BRIEF – Would you please repeat, word for word, only the lines from the one holding "Crochet Pattern Gift" through the one holding "72b75e81b2f3 Barbour Lightweight" in the material below, without the pictures?

RECORD SET –
☆ ☆ ☆

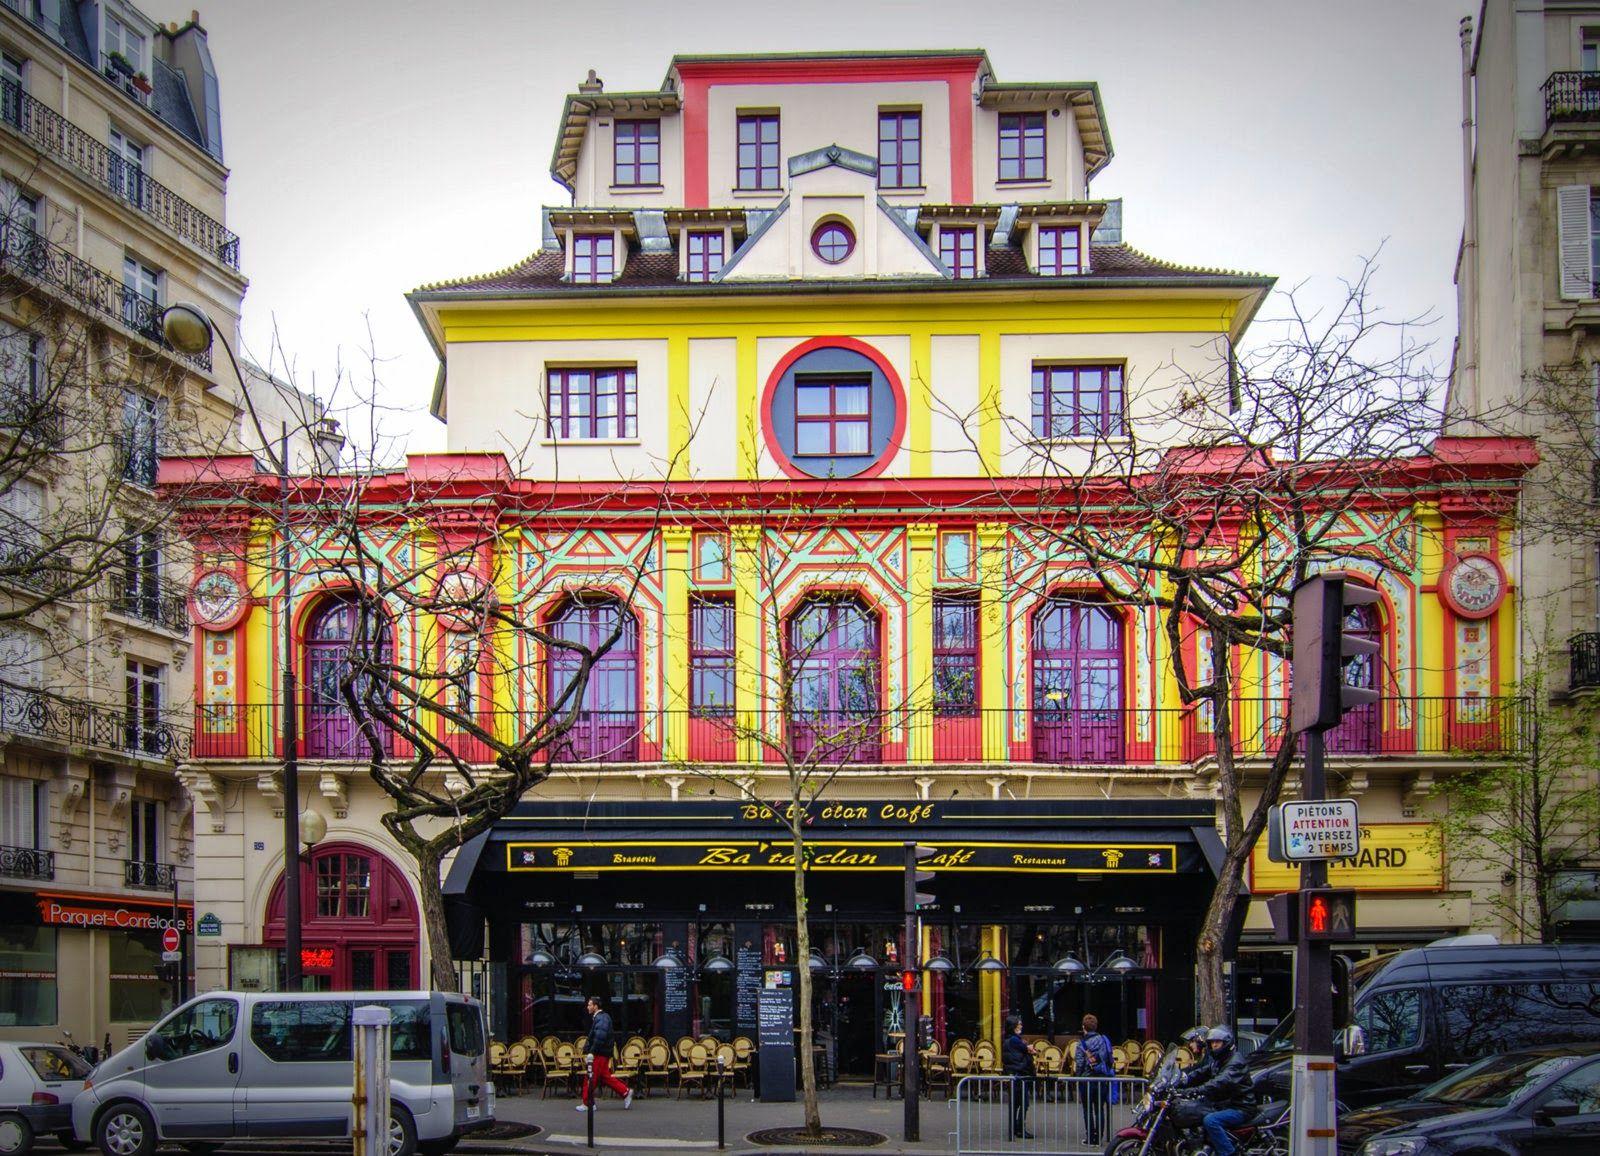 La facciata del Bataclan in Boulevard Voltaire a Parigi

☆ ☆ ☆

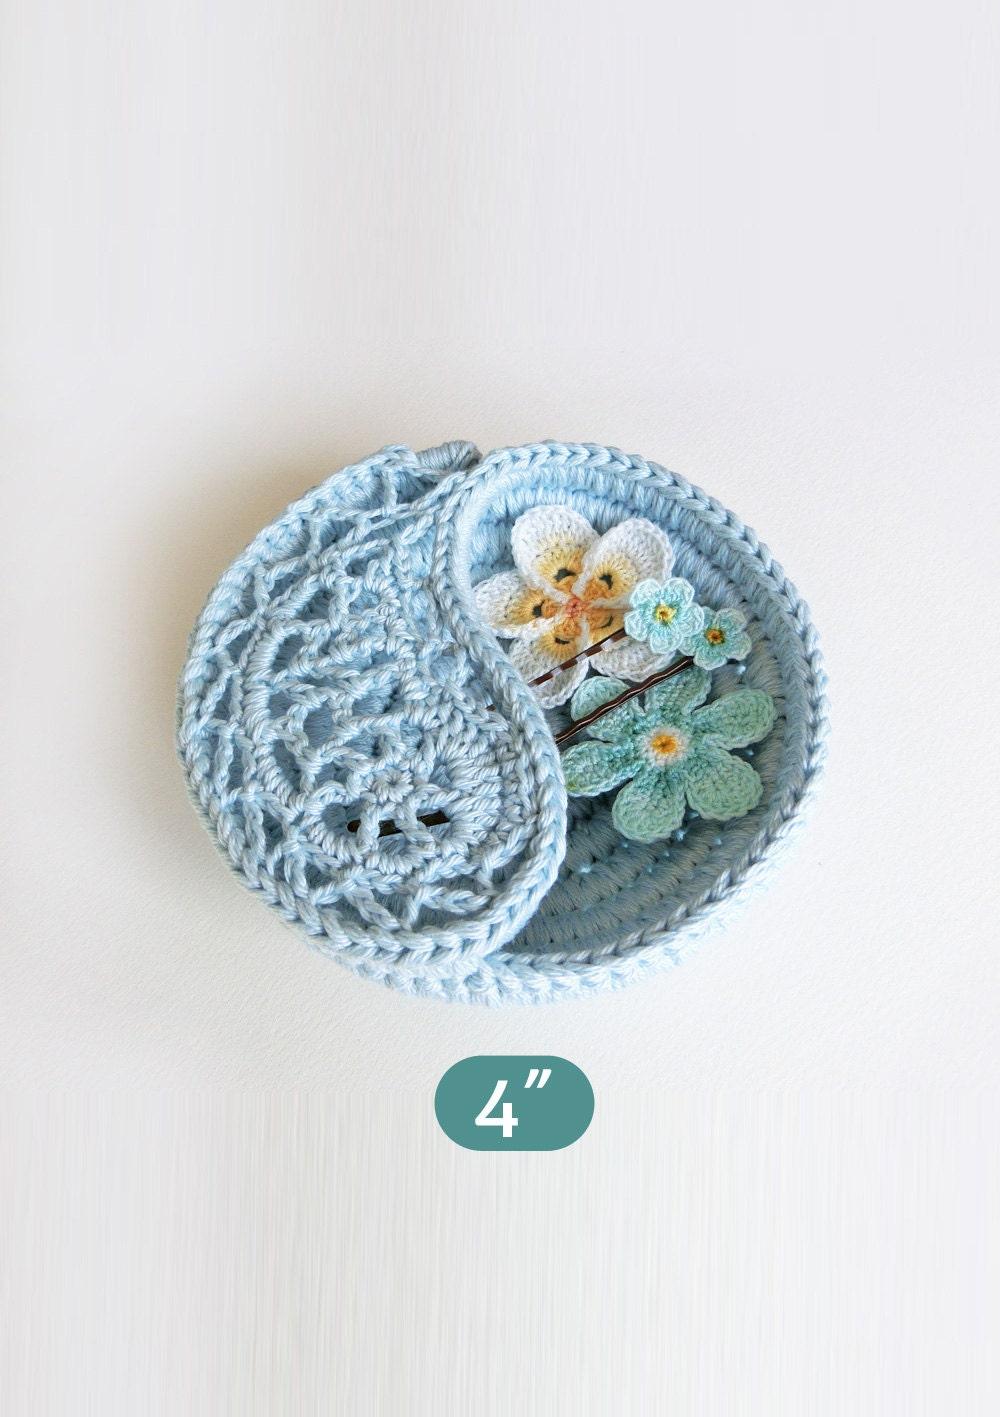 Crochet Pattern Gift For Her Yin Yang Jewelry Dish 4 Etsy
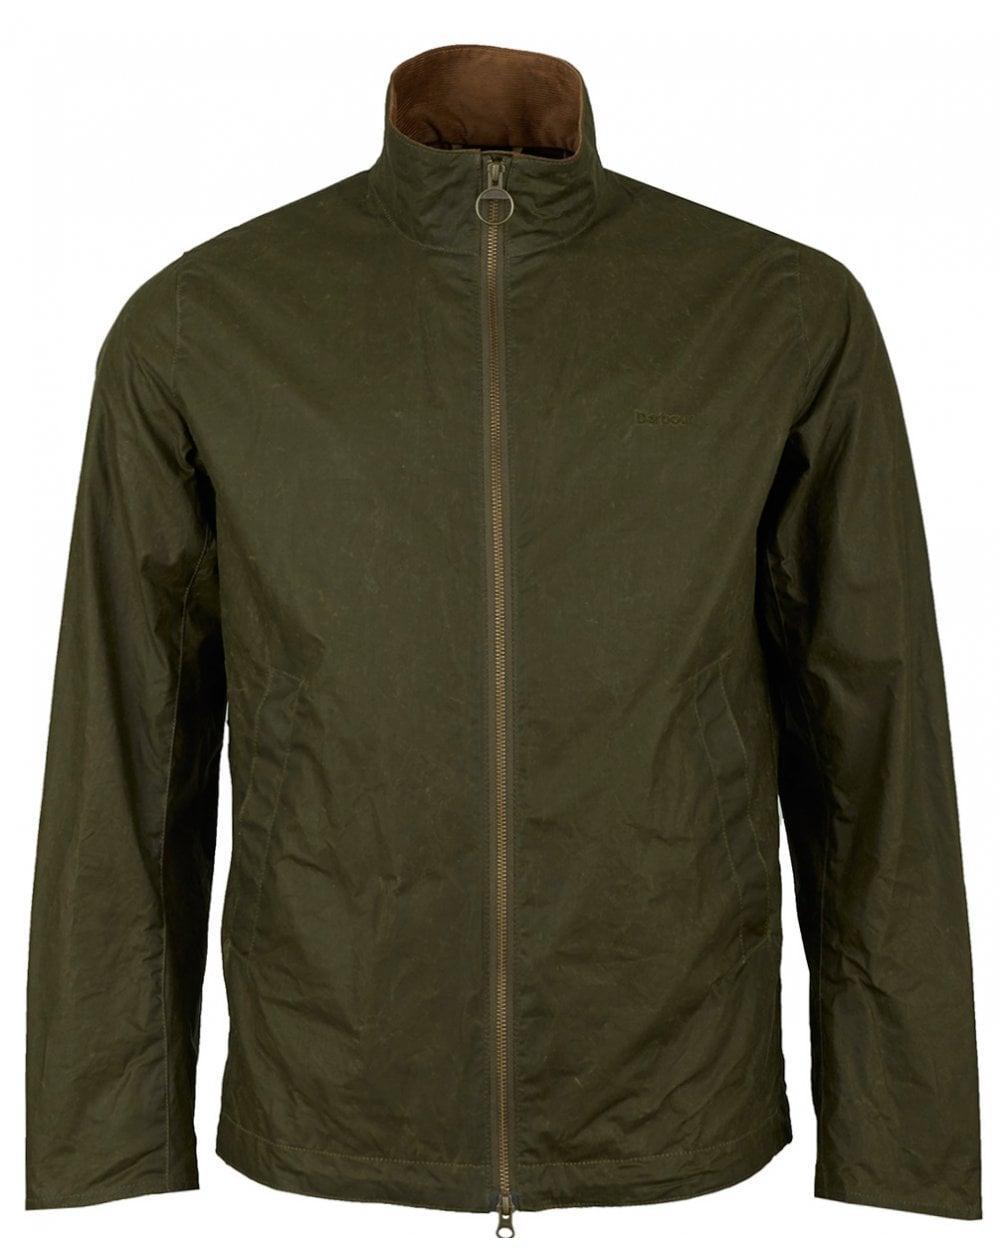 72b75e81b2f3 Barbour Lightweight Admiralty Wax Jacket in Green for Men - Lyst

☆ ☆ ☆

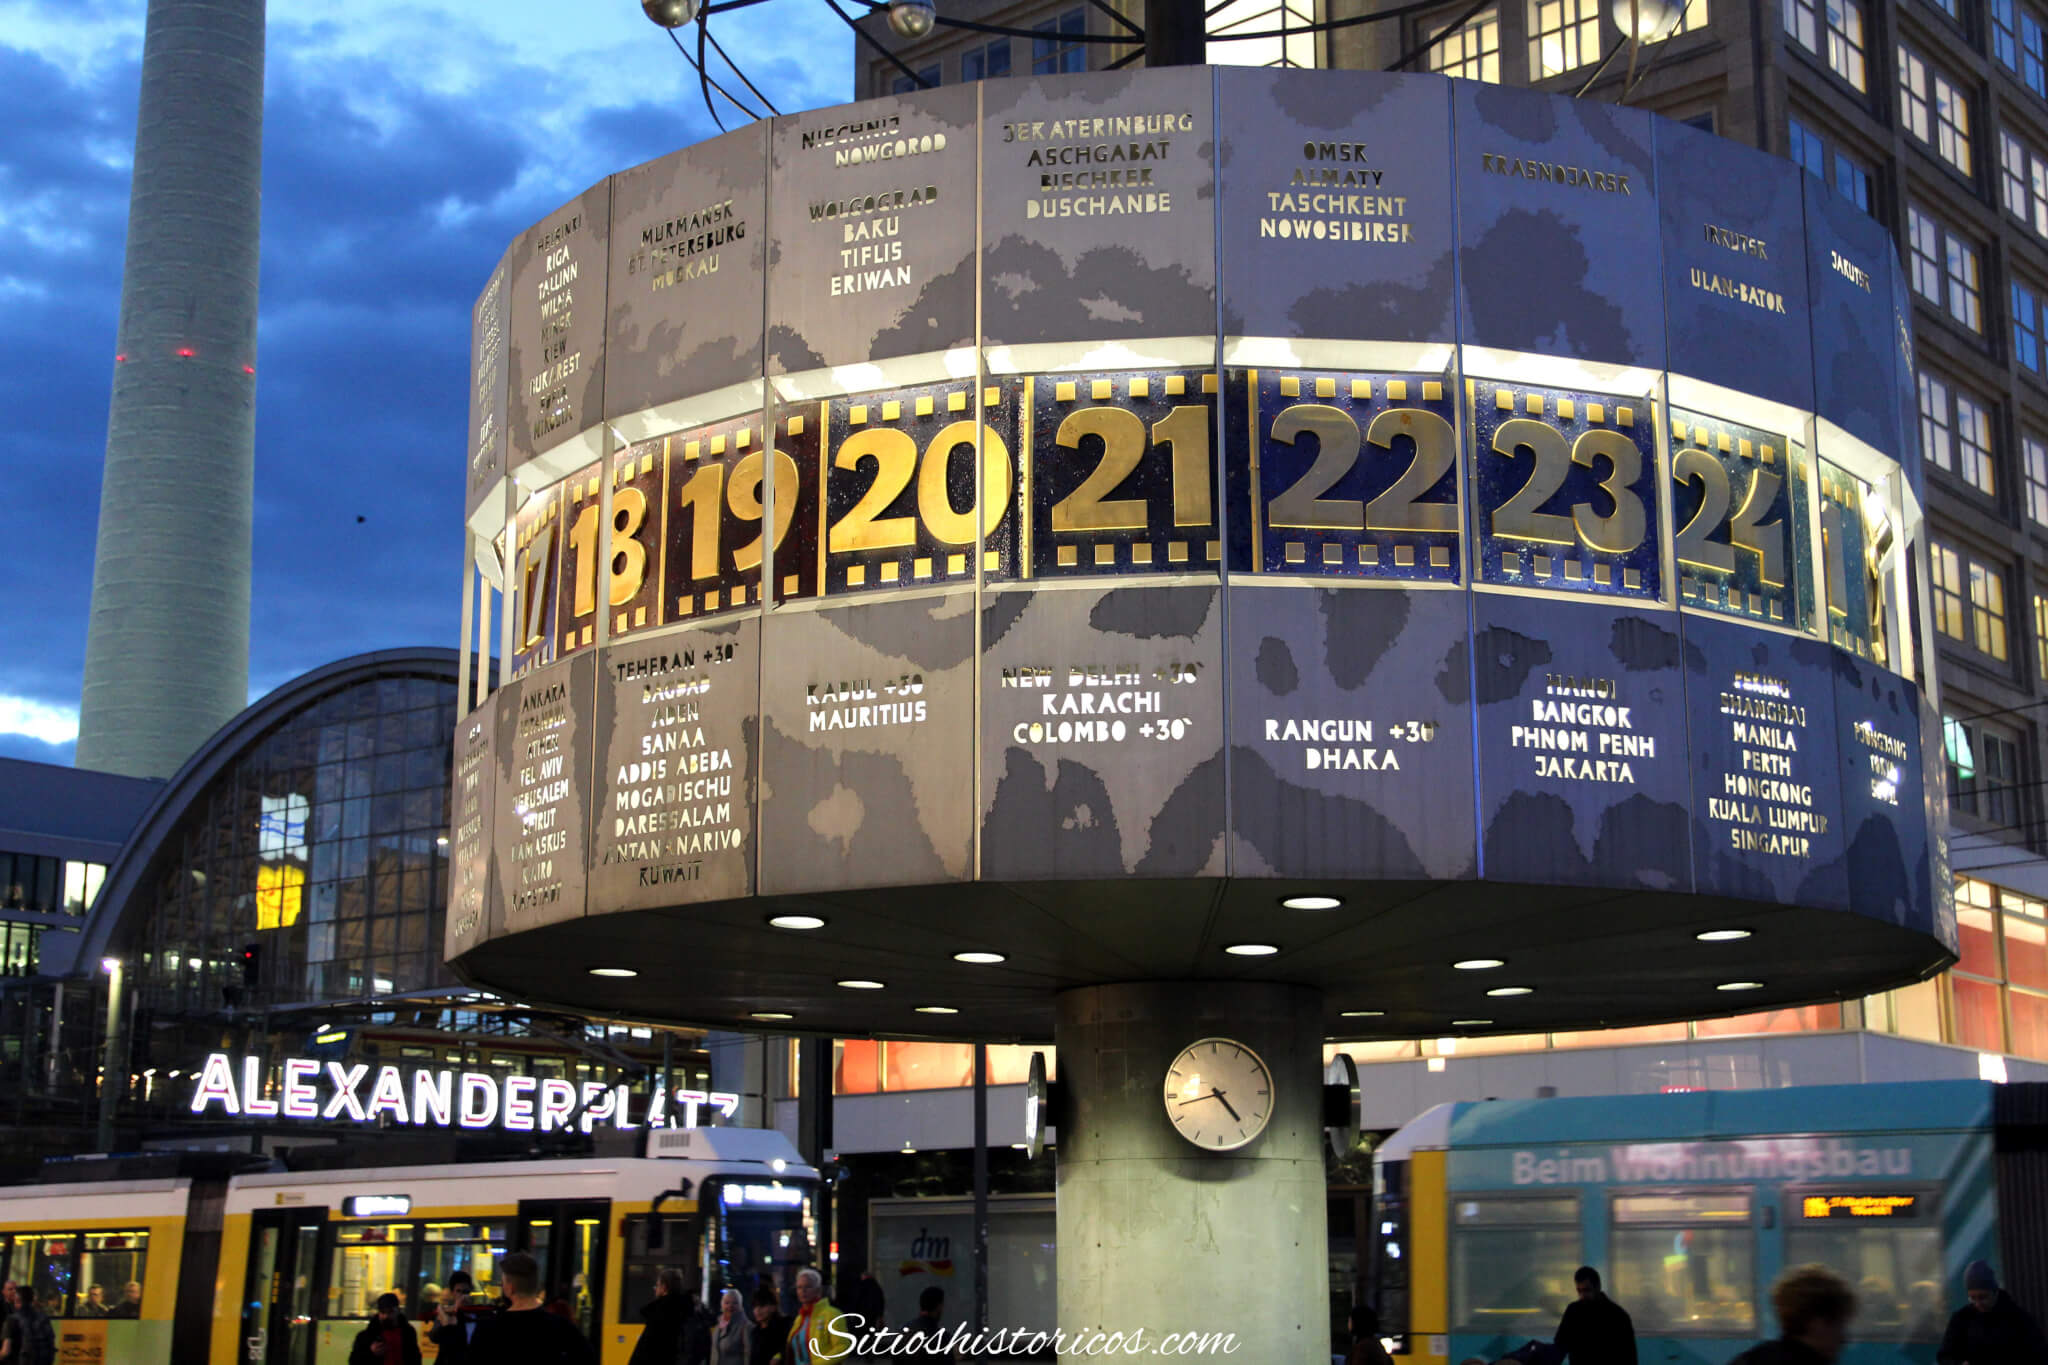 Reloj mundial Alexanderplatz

☆ ☆ ☆

ANSWER TO THE EXERCISE –
 Crochet Pattern Gift For Her Yin Yang Jewelry Dish 4 Etsy
 72b75e81b2f3 Barbour Lightweight Admiralty Wax Jacket in Green for Men - Lyst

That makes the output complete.